■ Stored data:
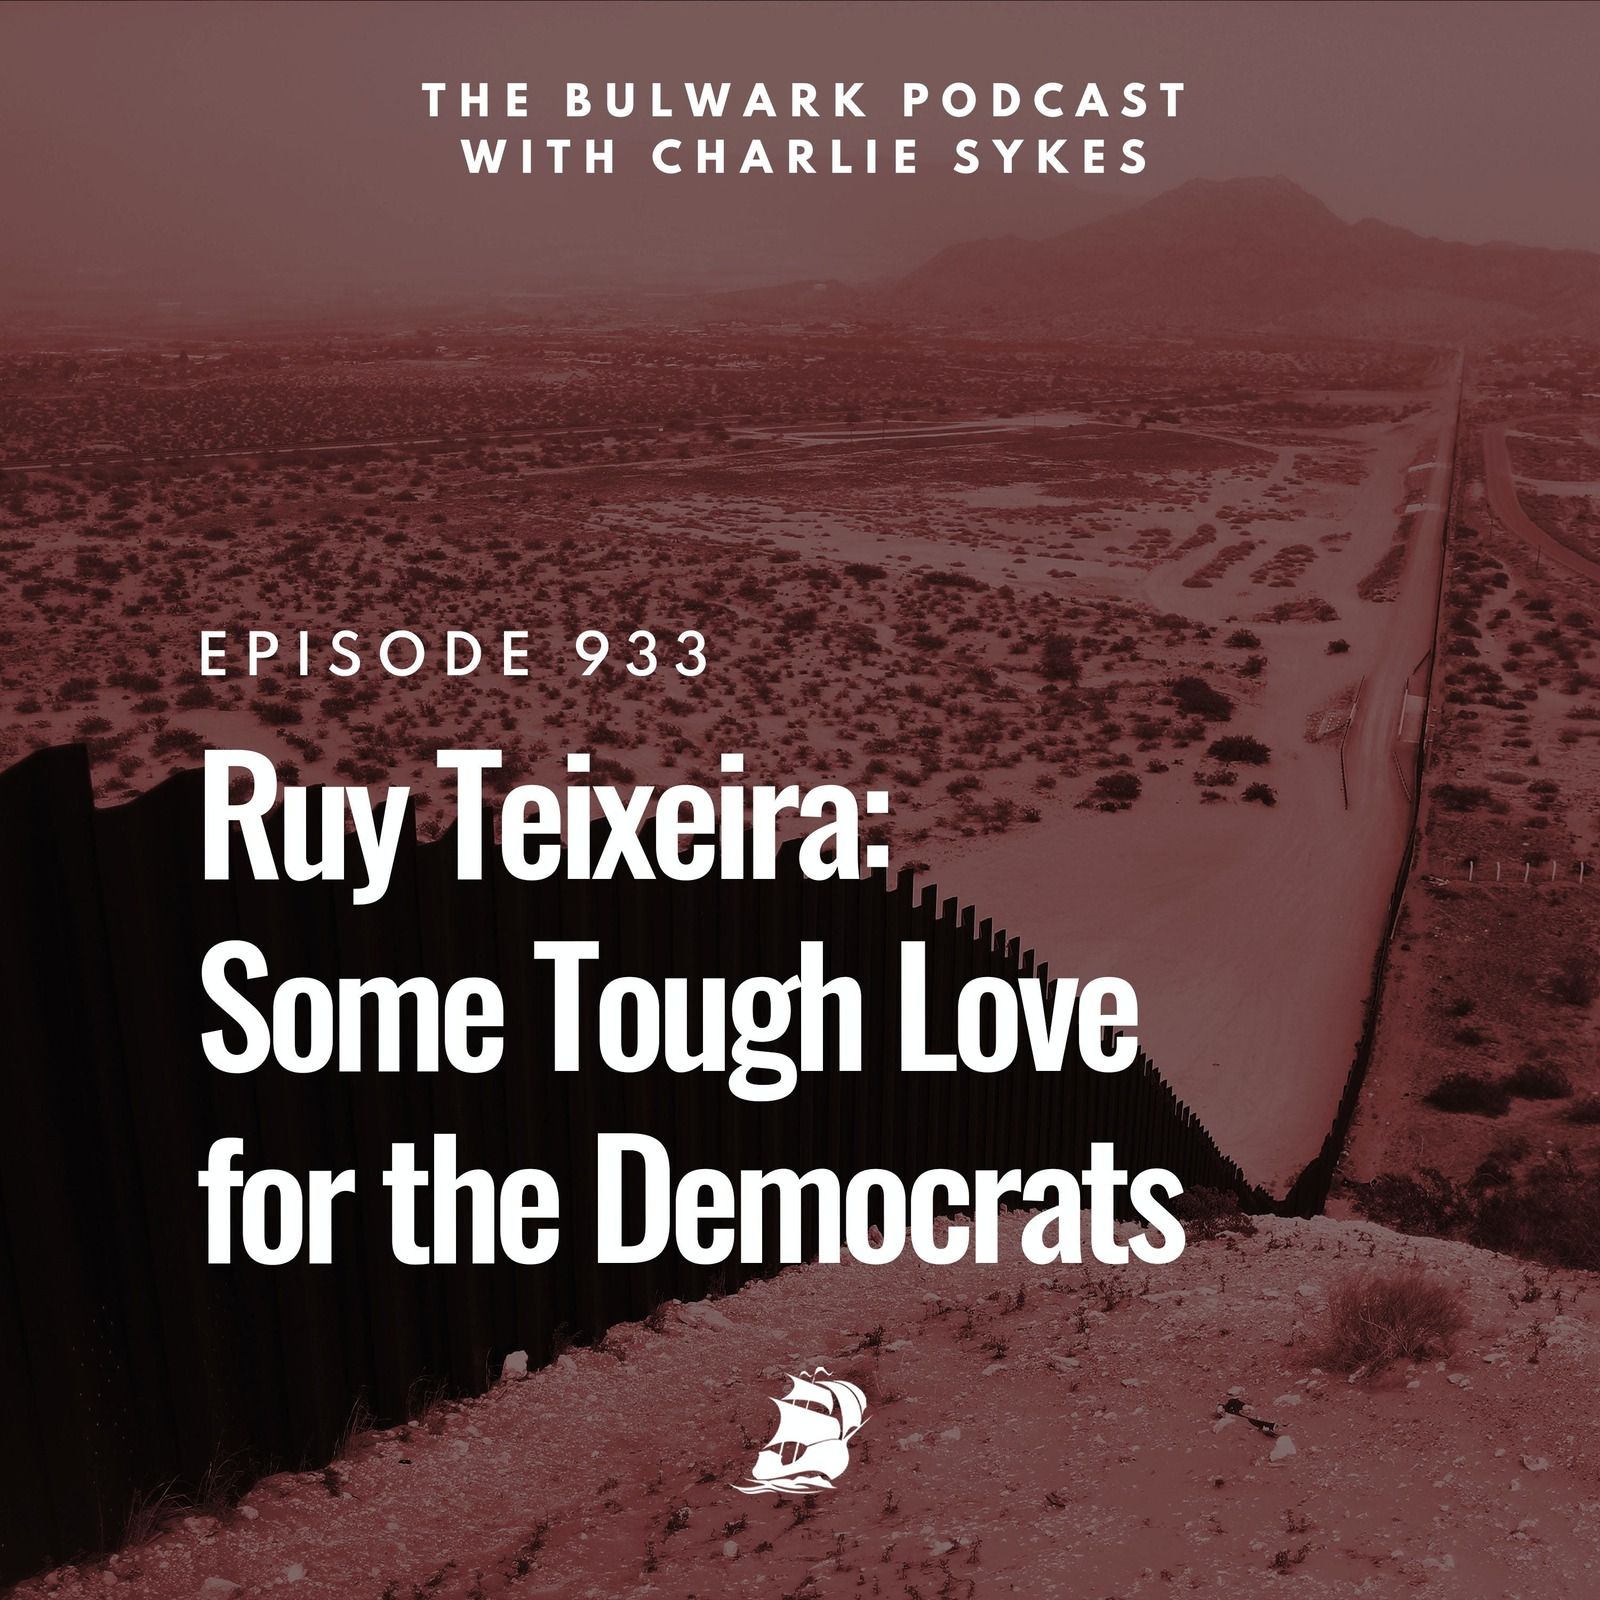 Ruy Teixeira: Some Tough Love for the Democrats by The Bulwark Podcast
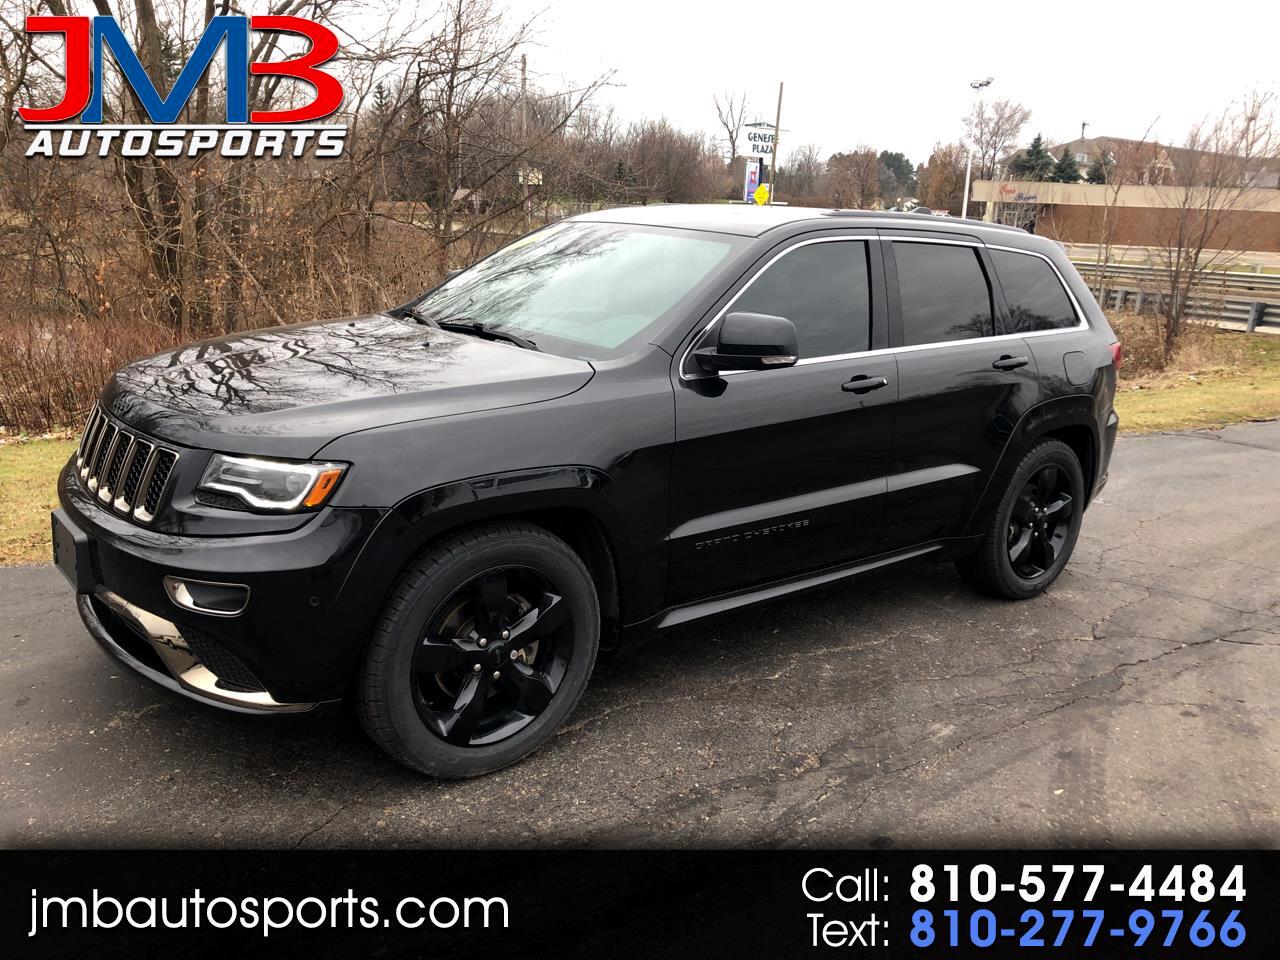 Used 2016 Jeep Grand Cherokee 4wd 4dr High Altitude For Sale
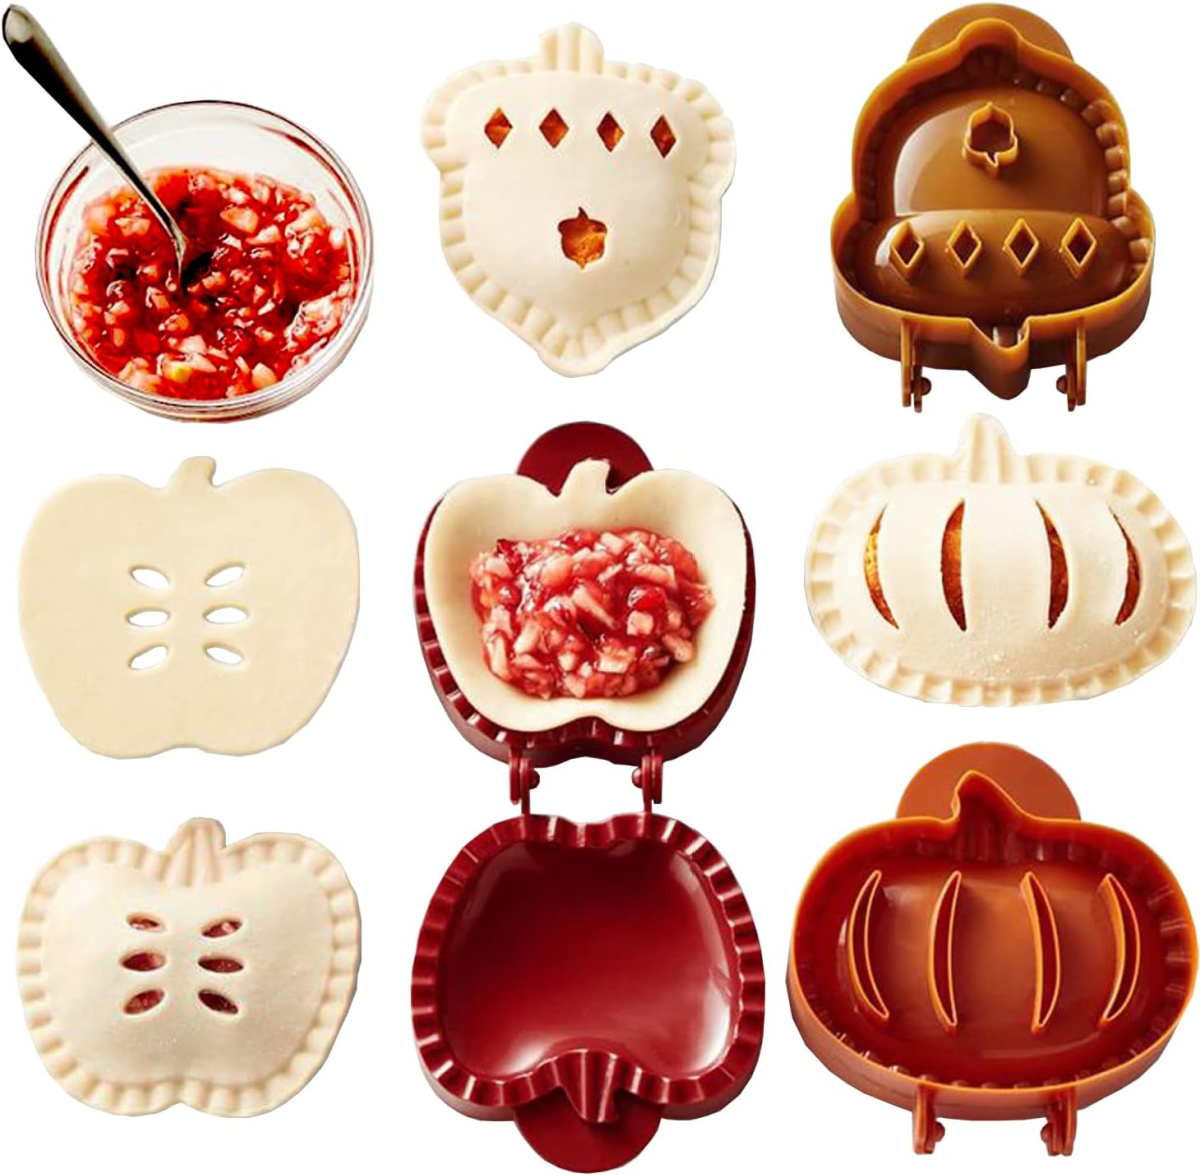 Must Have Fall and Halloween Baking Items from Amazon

■ The problem: Copy exactly the lines that run from the line containing "Used 2016 Jeep" to the end of the data, keeping both end lines and dropping every picture.

■ Written solution:
 Used 2016 Jeep Grand Cherokee 4wd 4dr High Altitude For Sale
 Must Have Fall and Halloween Baking Items from Amazon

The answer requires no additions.